On 4th June 2021, the EU official journal released a document titled “Commission implementing decision (EU) 2021/914” as a guide to incorporation of new SCC draft. This is being put into practice by 27th September 2021 and all contracts between EU data exporters and Indian data importers may be subject to review.
The text of the publication is available here.
Some essential features of this development is captured here.
- The role of standard contractual clauses is limited to ensuring appropriate data protection safeguards for international data transfers.
- the controller or processor are free to include those standard contractual clauses in a wider contract provided that they do not contradict, directly or indirectly, the standard contractual clauses or prejudice the fundamental rights or freedoms of data subjects.
- Controllers and processors are encouraged to provide additional safeguards by means of contractual commitments that supplement the standard contractual clauses
- The use of the standard contractual clauses is without prejudice to any contractual obligations of the data exporter and/or importer to ensure respect for applicable privileges and immunities.
- The standard contractual clauses may be used for such transfers only to the extent that the processing by the importer does not fall within the scope of the Regulation .
- With some exceptions, in particular as regards certain obligations that exclusively concern the relationship between the data exporter and data importer, data subjects should be able to invoke, and where necessary enforce, the standard contractual clauses as third-party beneficiaries. …Therefore, while the parties should be allowed to choose the law of one of the Member States as governing the standard contractual clauses, that law must allow for third-party beneficiary rights.. (#1)
- In order to ensure effective enforcement, the data importer should be required to submit to the jurisdiction of such authority and courts, and to commit to abide by any binding decision under the applicable Member State law. (#1)
- Annex to the notification provides the Standard Contractual clauses
- There are four modules of the SCC, one for Transfer of data from controller to controller, second for transfer from Controller to processor, third for transfer from Processor to Processor and fourth for transfer from processor to controller. (#2)
It is important to recognize that the use of a particular model of SCC is based on the identification of whether the data exporter or the importer is a controller or processor. The use of the Module 4 indicates a possibility that there may be a data exporter who is a processor but transfers the data to a controller under a contract of his own.
The context in which this contract is to be used will be an important decision to be taken by the companies in India.

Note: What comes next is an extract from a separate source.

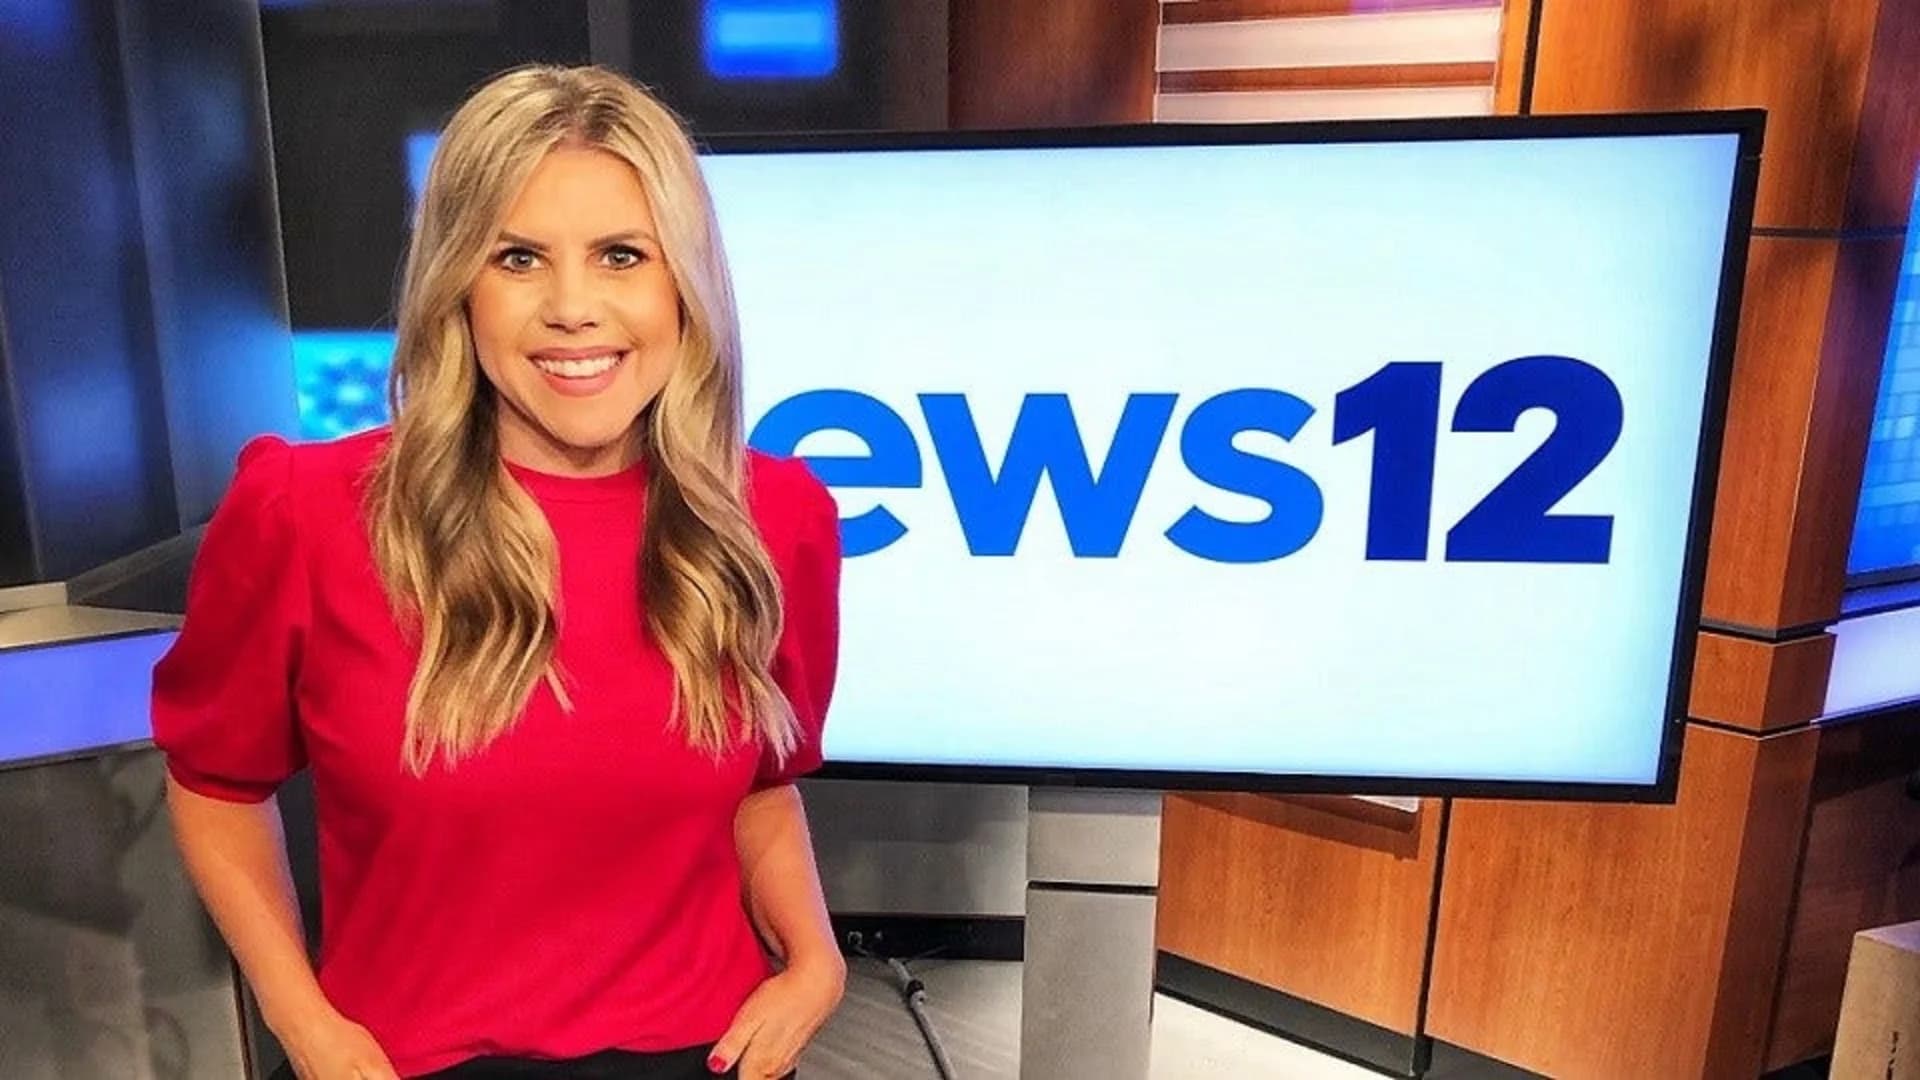 News 12 goes red for heart health awareness

Module I, II and III are more straight forward since they determine the flow of instructions from an upper data-riparian party to a lower data-riparian party. Module 4 however is different.
The notification is a mix of provisions applicable to the four modules and to understand the same, we need to segregate the 18 clauses into each of the four different modules.
(Further detailed analysis may be necessary to understand the complications that may arise in drafting a viable contract or vetting the contract that may be provided by a data exporter from EU.)
Naavi
Notes:
#1: This indicates that the importer’s obligation to provide enforcement rights to data subjects is meant for member states and not for other sovereign countries. However, the general definition of data importer and the need for SCC actually arise for data transfers outside the EU. Hence there is a little ambiguity on how a data importer who is a commercial entity agree to accept obligations which may not be permitted under the local laws. In this context the responsibility of the Controller to confirm that it warrants that reasonable efforts have been taken by him to determine if the data importer is able to satisfy the obligations (Clause 8 of Annexe) becomes critical.
#2. GDPR recognizes three roles in a data processing contract namely, “Controller”, “Joint Controller” and “Processor”. In this context an SCC from the “Processor” to a “Controller” appears to be a strange construct. But it may take into account cases where a data controller is located outside EU (processing the GDPR data) and engages the services of a Data Processor inside EU who may in turn use a sub processor outside EU. In such a case the Data Processor inside the EU may require to secure his interests to be compliant with GDPR and this contract may help that cause. It may apply to cases where a company outside EU is the controller and the processor in EU is its subordinate office.